Mimo że partia konserwatywna straciła w wyniku przedterminowych wyborów bezwzględną większość w Izbie Gmin, partyjnym kolegom Theresy May (dzięki poparciu DUP) udało się uzyskać poparcie dla mowy tronowej. Za przyjęciem legislacyjnych planów głosowało 323 posłów (309 było przeciw). Tym samym Theresa May otrzymała wotum zaufania.
Nie obyło się jednak bez kontrowersji, bo Partia Pracy domagała się zatwierdzenia poprawki pozwalającej na finansowanie zabiegów aborcji, których w angielskich szpitalach dokonują pacjentki z Irlandii Północnej. Ostatecznie (i wbrew interesowi konserwatywnej i powołującej się na wartości religijne DUP) rząd zobowiązał się do udzielenia gwarancji, że zabiegi aborcji będą w Anglii dostępne bezpłatnie (wszystko dzięki znacznej grupie posłów Partii Konserwatywnej, która opowiedziała się w tej kwestii za stanowiskiem Partii Pracy).
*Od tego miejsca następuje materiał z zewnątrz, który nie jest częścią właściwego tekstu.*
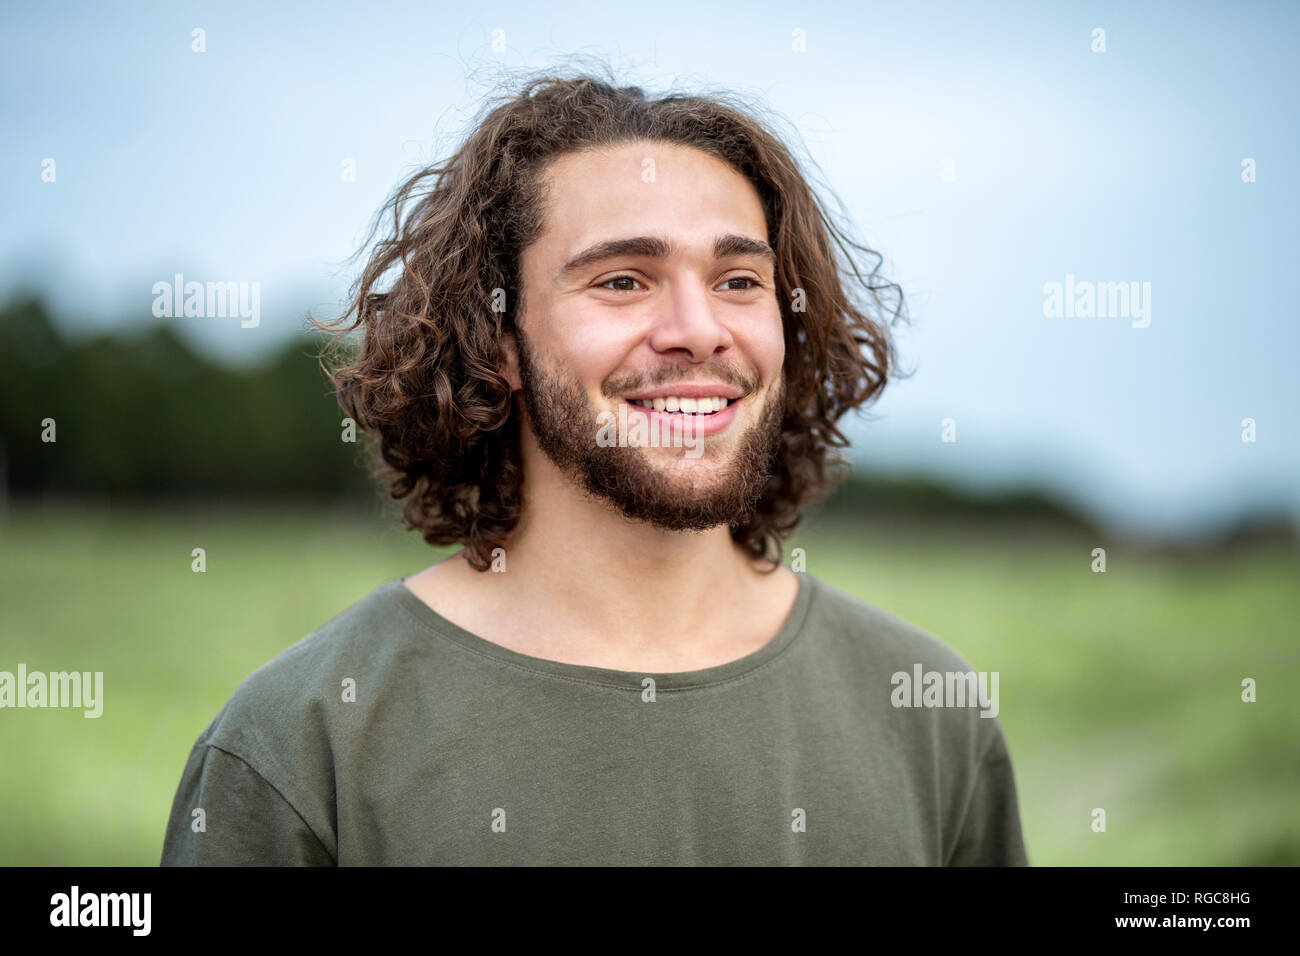 Portrait of happy young man outdoors Stock Photo

Posłowie odrzucili jednak inne poprawki, proponowane przez laburzystów (w tym zapis nawołujący do tego, aby Wielka Brytania – niezależnie od Brexitu – pozostała członkiem wspólnego rynku unijnego).
Treść mowy tronowej
Królowa Elżbieta II mowę tronową wygłosiła w ubiegłą środę (21 czerwca). Tego dnia oficjalnie otworzono nową sesję brytyjskiego parlamentu.
W mowie znalazł się szkic planów legislacyjnych gabinetu May na najbliższy rok. Wśród najważniejszych pozycji wymienić należy przede wszystkim ustawy dotyczące Brexitu (Elżbieta II podkreśliła, że „priorytetem rządu jest osiągnięcie najlepszego porozumienia”), przekazania 2 procent PKB na obronność, wprowadzenia regulacji dla rynku samochodów elektrycznych i autonomicznych oraz cywilnych lotów kosmicznych. W mowie tronowej nie zabrakło też miejsca na zapowiedź walki z przemocą domową, ekstremizmem i terroryzmem oraz obietnicę powołania komisji, która zajmie się sprawą tragicznego pożaru Grenfell Tower.
Co ciekawe, w mowie tronowej Elżbieta II nie wspomniała o najbardziej kontrowersyjnych planach torysów, dotyczących reformy szkolnictwa, reformy systemu opieki nad seniorami czy likwidacji systemu darmowych obiadów dla uczniów brytyjskich szkół. Królowa przemilczała też temat zbliżającej się wizyty Donalda Trumpa w UK (jednocześnie zapowiedziała, że w lipcu do Londynu przyjedzie król Hiszpanii).